Rationale: Custom web fonts add 100–500 KB per page view and require additional DNS lookups and connections. System fonts — the default fonts available on user devices — are zero transfer-cost and render immediately. Most public information services have no genuine typographic requirement that overrides this efficiency argument. The EU and several national governments have adopted system font policies for public websites.
Dark Pattern Prohibition Public digital services shall not employ dark patterns that cause unnecessary data transfer or user re-engagement, including: autoplay video or audio content; infinite scroll on informational pages; push notification prompts that cannot be permanently declined; cookie consent mechanisms that make refusal more difficult than acceptance; or automatic session extension without user consent. User interface flows shall be designed to allow task completion with the minimum number of page loads and interactions.
Rationale: Dark patterns — design choices that manipulate rather than assist users — cause measurable increases in data consumption, device computation, and user time expenditure. They are also, in most jurisdictions where they have been assessed, illegal under consumer protection law. Their prohibition for public services is a sustainability measure, an accessibility measure, and a democratic accountability measure simultaneously. The EU Digital Services Act and Digital Markets Act both address dark patterns.
Third-Party Script Minimisation Public digital services shall minimise third-party scripts (analytics, advertising, social media widgets, chat tools, A/B testing frameworks) to those strictly necessary for core service delivery. Each third-party script shall be documented in the service’s privacy policy with its purpose and data processing basis. Privacy-respecting analytics alternatives that do not require third-party network connections (e.g., self-hosted or cookieless solutions) shall be preferred over tracking-based alternatives.

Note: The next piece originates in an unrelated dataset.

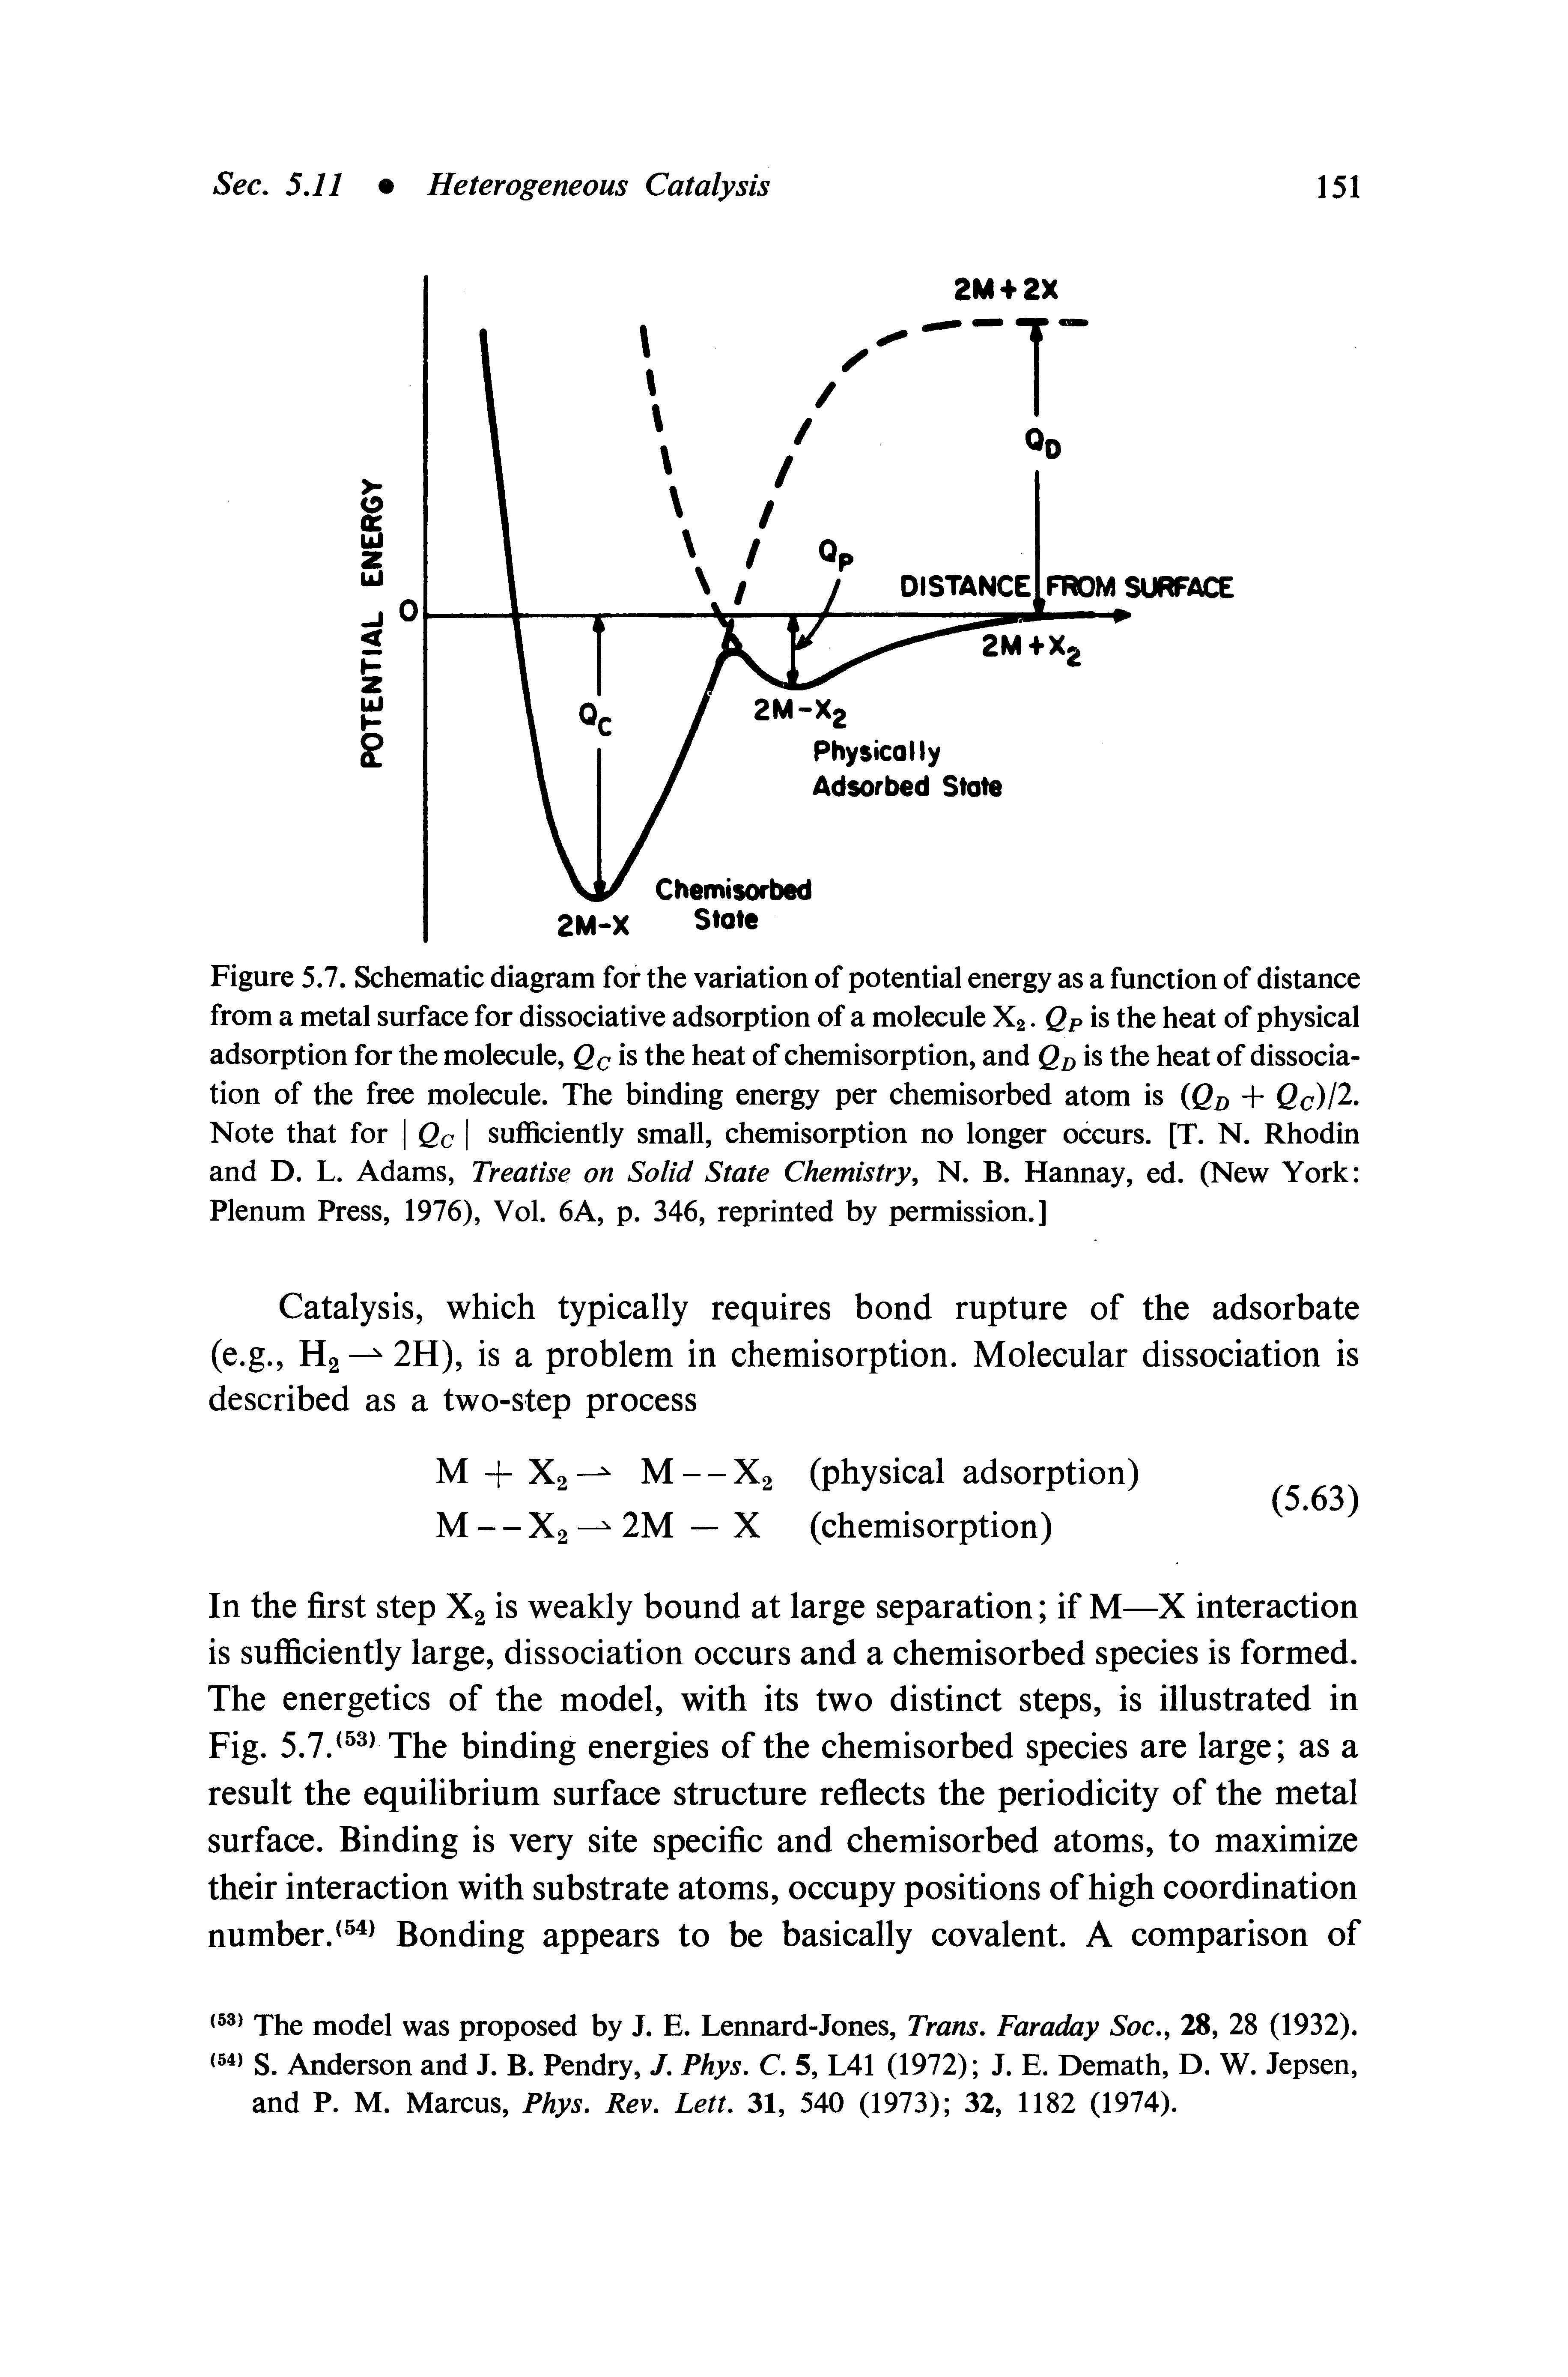 Figure 5.7. Schematic diagram for the variation of potential energy as a function of distance from a metal surface for dissociative adsorption of a molecule X2. 6p is the heat of physical adsorption for the molecule, Qc is the heat of chemisorption, and Qp is the heat of dissociation of the free molecule. The binding energy per chemisorbed atom is Qn + Qc)l2, Note that for Qc sufficiently small, chemisorption no longer occurs. [T. N. Rhodin and D. L. Adams, Treatise on Solid State Chemistry, N. B. Hannay, ed. (New York Plenum Press, 1976), Vol. 6A, p. 346, reprinted by permission.]...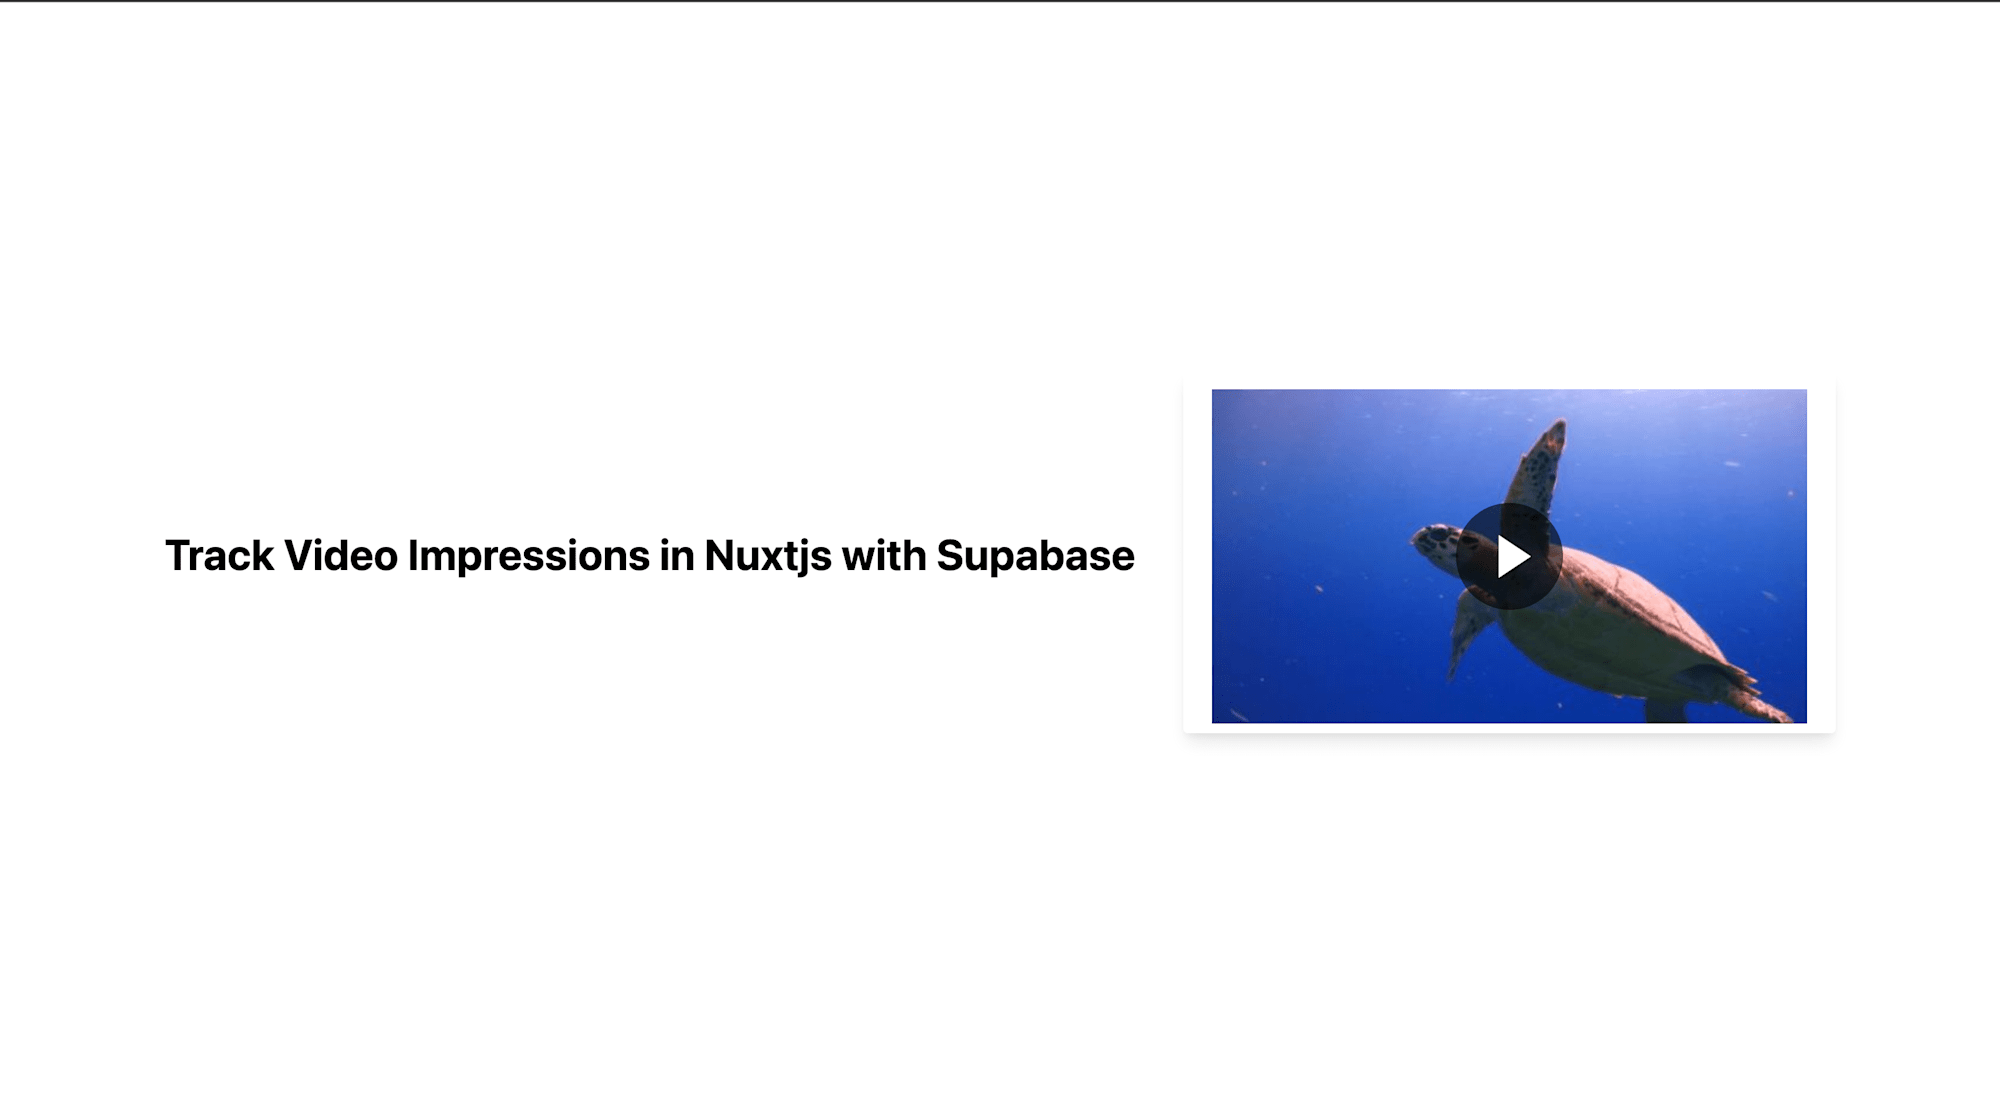 Track Video Impressions in Nuxtjs with Supabase

Rationale: Third-party scripts are among the largest sources of page weight, privacy leakage, and performance degradation on public websites. A typical commercial news website loads 50–100 third-party scripts; a well-designed public service loads zero to five. Each script introduces additional DNS lookups, HTTP connections, JavaScript execution, and often unseen tracking. Requiring justification and documentation for each third-party script forces the discipline of minimisation.
Pillar 3: Implementation
Regulatory and Administrative Requirements
Competent Authority A designated government authority (the [Digital Sustainability Office] or equivalent function within an existing digital/procurement body) shall be responsible for: maintaining the central Digital Carbon Register; setting and updating the approved carbon calculation methodology list; auditing compliance with green hosting and WSG requirements; receiving and publishing annual Digital Carbon Reports; and publishing an annual National Digital Sustainability Report summarising sector-wide progress.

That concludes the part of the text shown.